- Opening Delimiter -

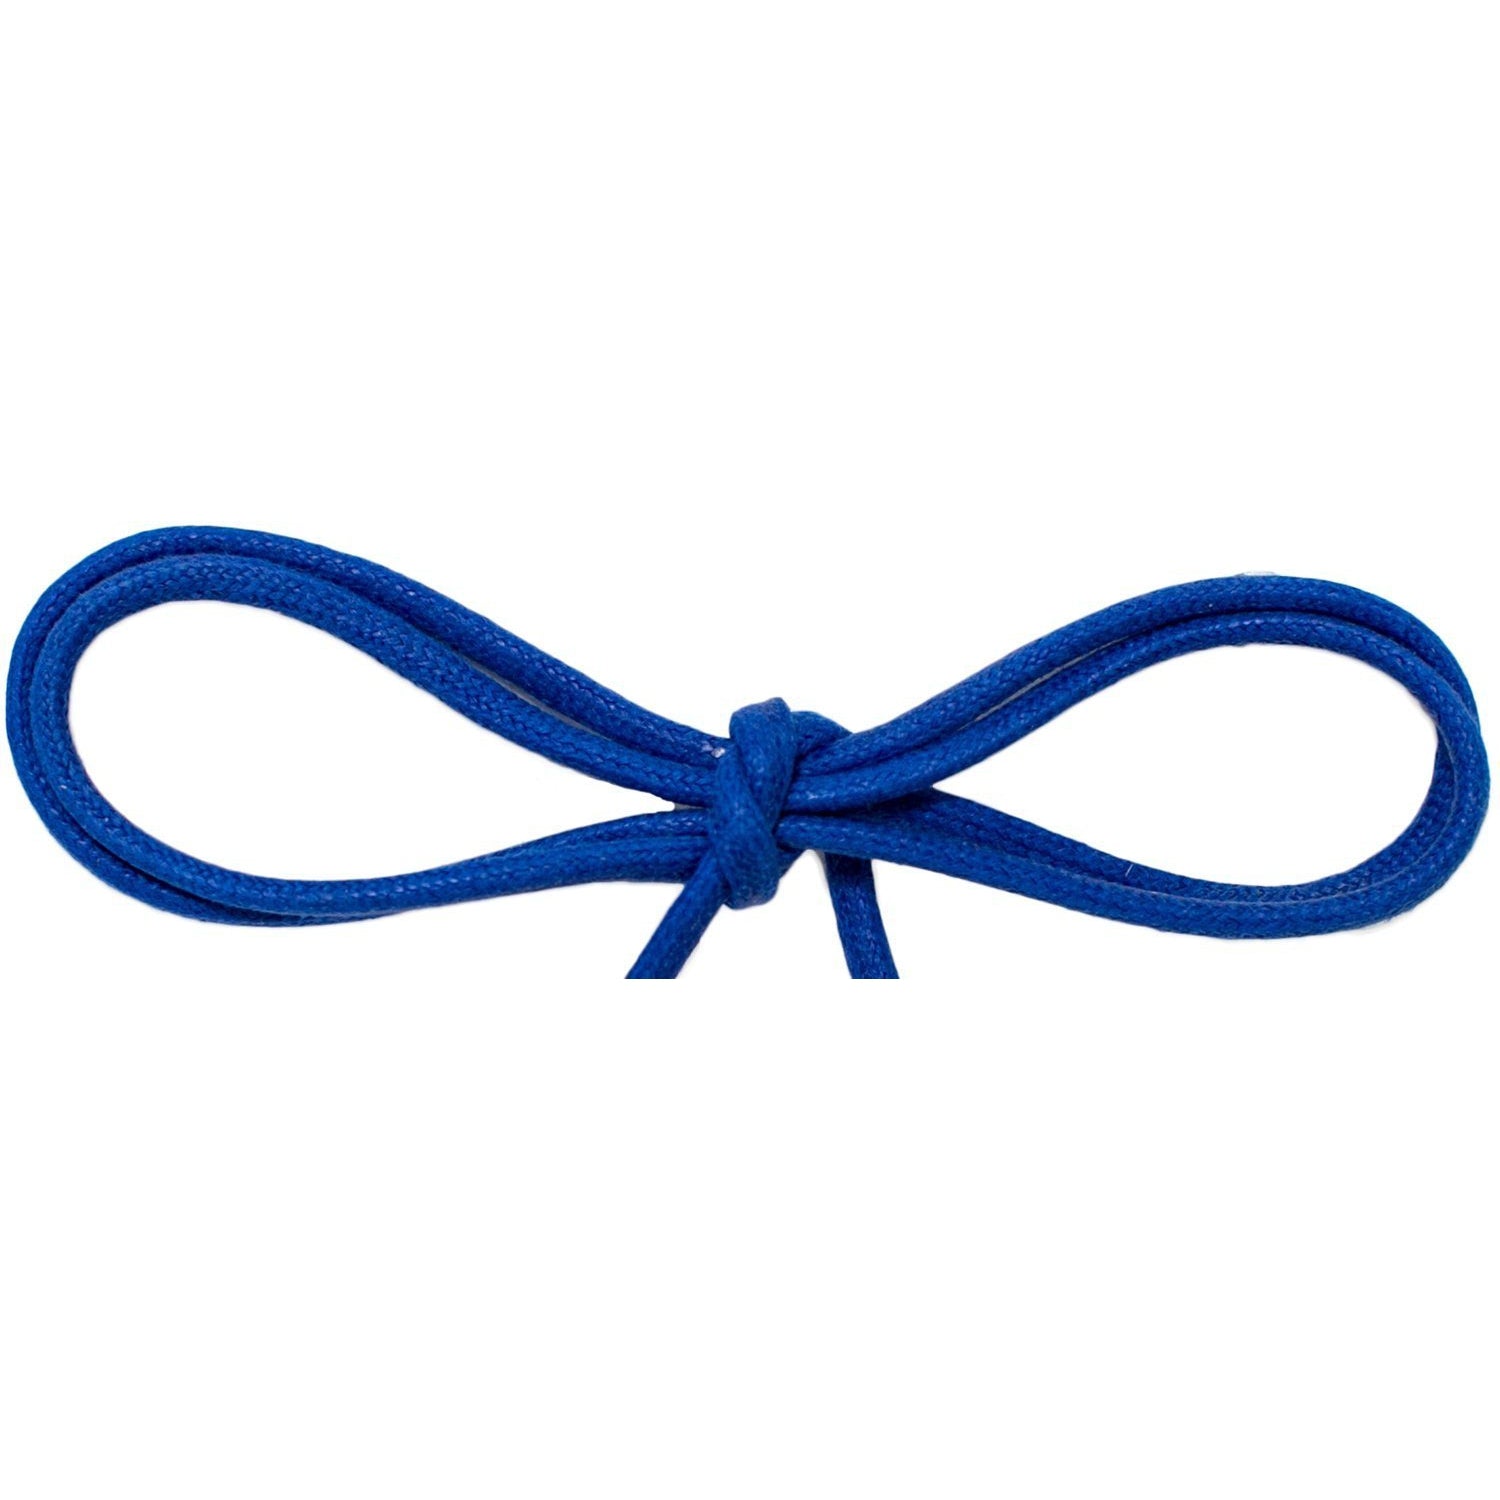 Wholesale Waxed Cotton Thin Round DRESS Laces 1/8'' - Royal Blue (12 Pair Pack) Shoelaces
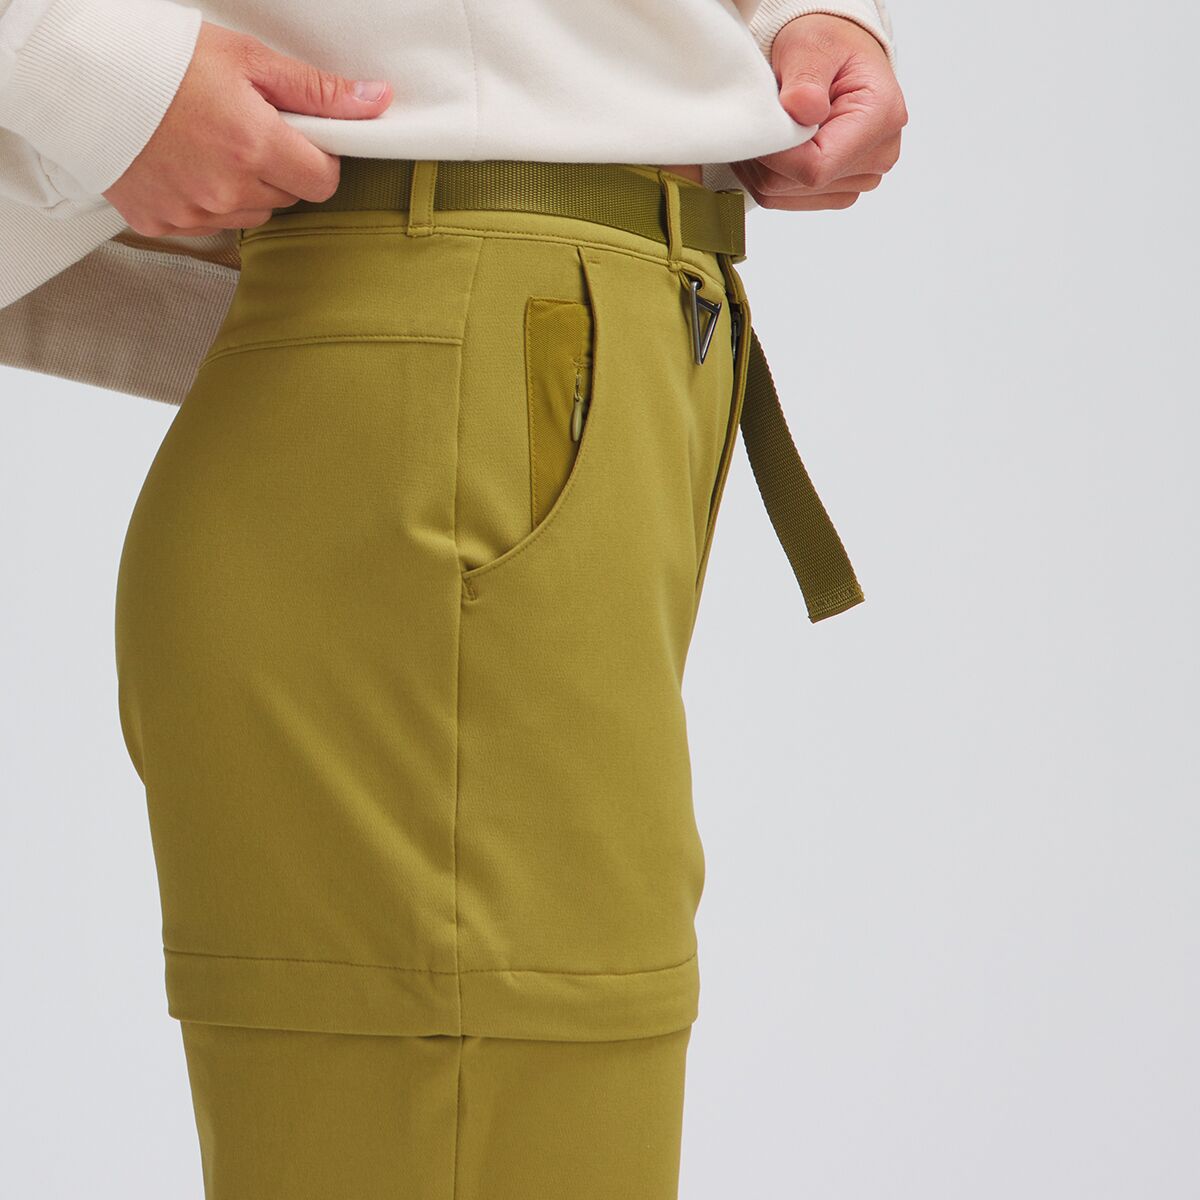 Maier Sports Nicole - Zip-off trousers Women's | Product Review |  Alpinetrek.co.uk
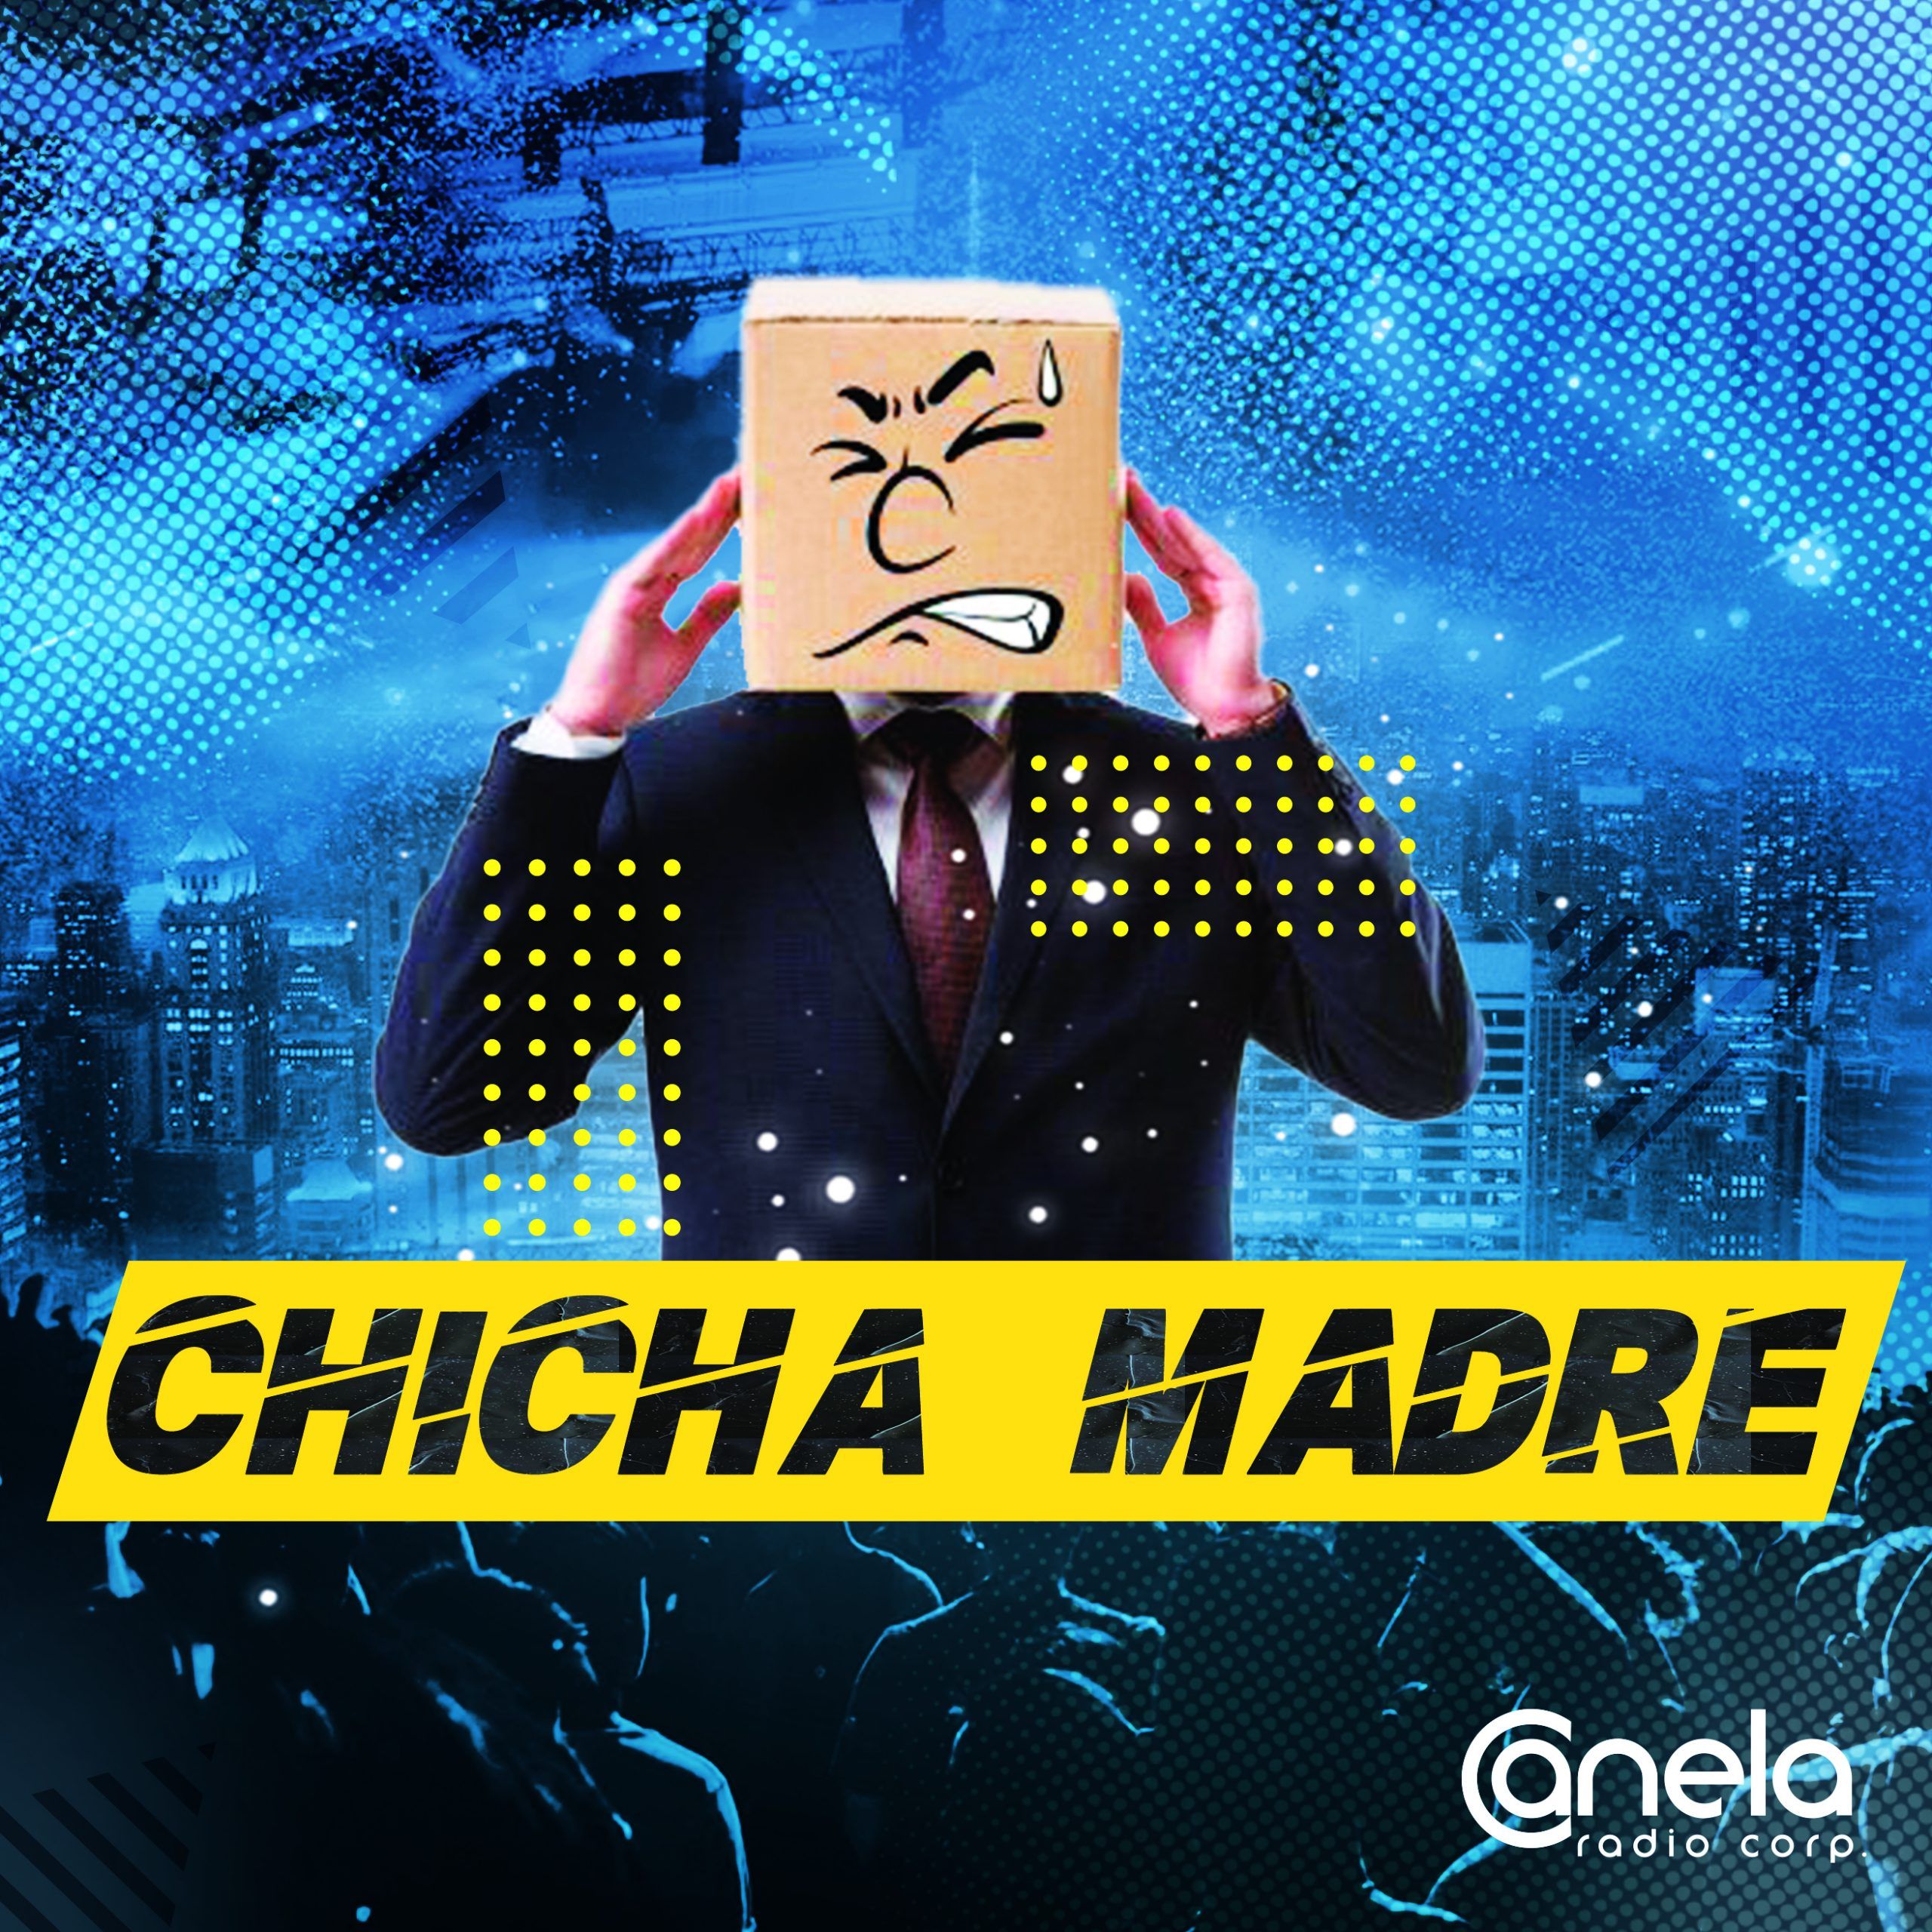 CHICHA MADRE

- Closing Delimiter -

→ Activity:
Repeat all of the data above word for word, minus the pictures.

→ Written response:
 Wholesale Waxed Cotton Thin Round DRESS Laces 1/8'' - Royal Blue (12 Pair Pack) Shoelaces
 Maier Sports Nicole - Zip-off trousers Women's | Product Review |  Alpinetrek.co.uk
 CHICHA MADRE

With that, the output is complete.